I’m in trouble for being too tired to work the day after Halloween

my employee got fired for wearing a Halloween costume to work … and trick-or-treating in an important meeting

my piece for Slate on Halloween do’s and don’ts

a special Halloween episode of the Ask a Manager podcast (from 2018 — with stories of people’s spooky experiences at work, including voices when no one is there, a creepily laughing doll, a fired guy’s ghostly revenge, and more)

{ 7 comments… read them below }

  1. Jean Pargetter Hardcastle*

    Low-stakes, but with update season coming, I want to know if the director in “My employee got fired for wearing a Halloween costume…” ever got over it or just kept asking forever!

    1. calvin blick*

      I will be honest…the commenters on that thread seemed to think the director needed to get over it, but if I was in their place I would not be able to stop asking either. I wish we could get an update on that one because that is one of the stranger stories I’ve read on here. Even in the craziest AAM stories I can usually at least follow the line of thought, but not that one.

      1. KoiFeeder*

        I understand why the director couldn’t let it go, but it’s also not really useful to keep pestering the employee’s manager when they don’t understand what the train of thought involved in that decision was either.

      2. Mallory Janis Ian*

        I think the director kept asking because she was so embarrassed. Probably the c-suite execs keep talking about it and keeping the embarrassment fresh for her.

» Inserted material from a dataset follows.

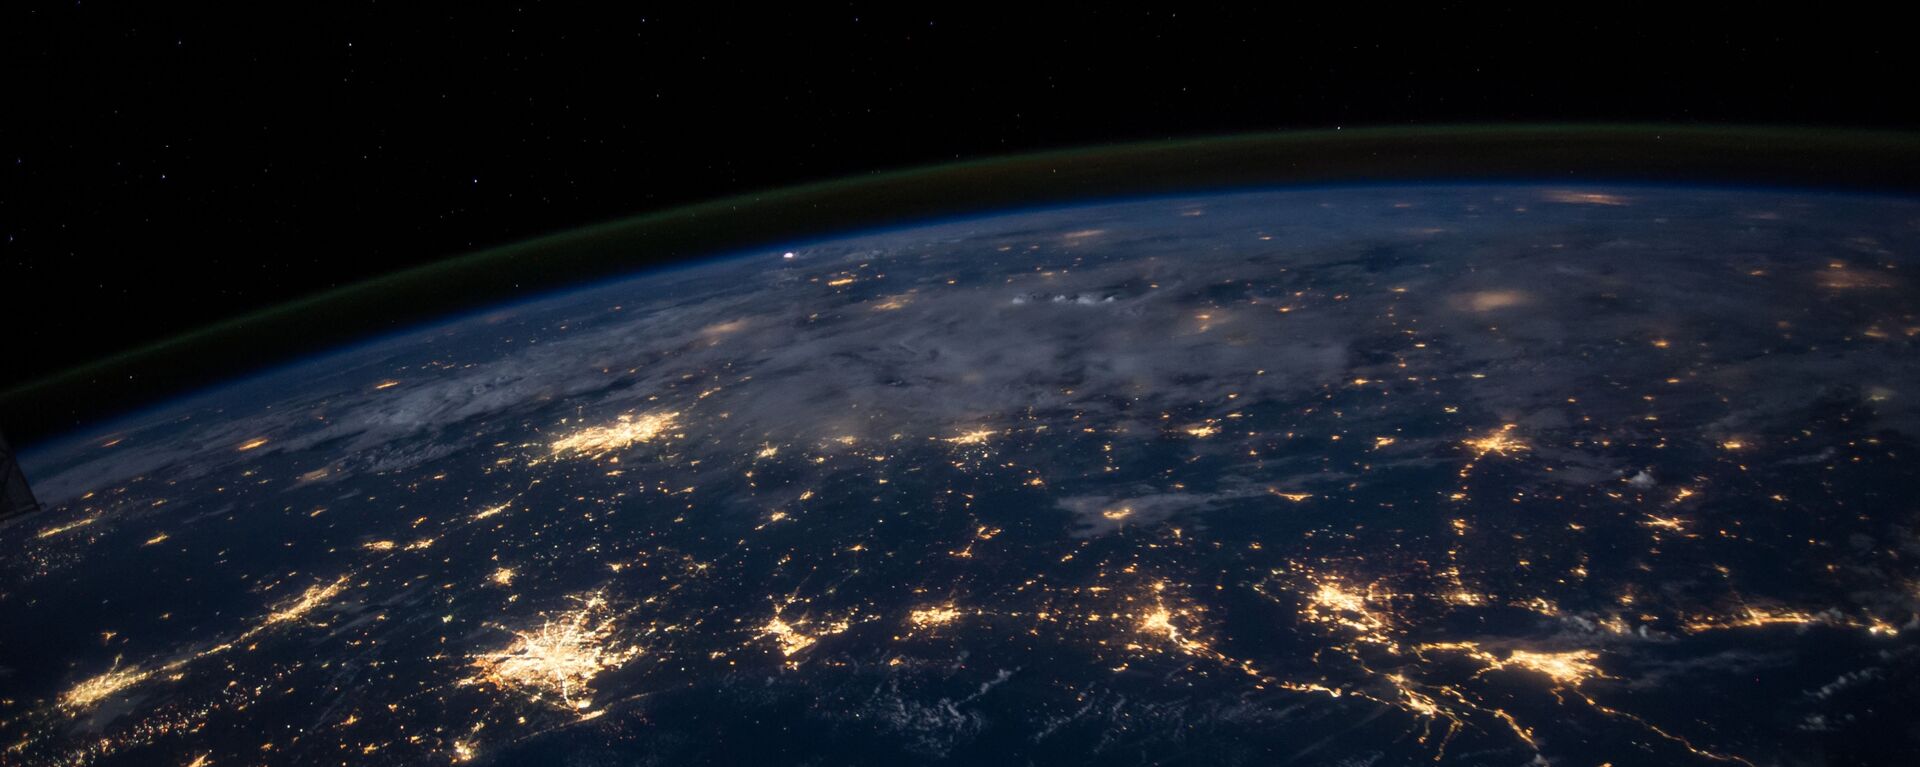 La Tierra vista desde el espacio (imagen referencial) - Sputnik Mundo, 1920, 24.07.2020

It’s not productive, but probably just defensive.

  2. learnedthehardway*

    WRT to the manager who had the team member reporting ghost sightings to senior management, perhaps they should have pointed out that the employee was correct to bring customer concerns the management’s attention.

    I mean, regardless of how ridiculous it is, if multiple customers are concerned, then management should presumably be made aware.

    (I still love that the employee flagged the ghost sightings as an “action item”.)

  3. That'sNotMyName*

    Even if other offices do dress up for Halloween, no one is trick or treating in meetings. While I’ll happily hand candy to anyone who shows up at my door, isn’t the rough cutoff age for that around 12?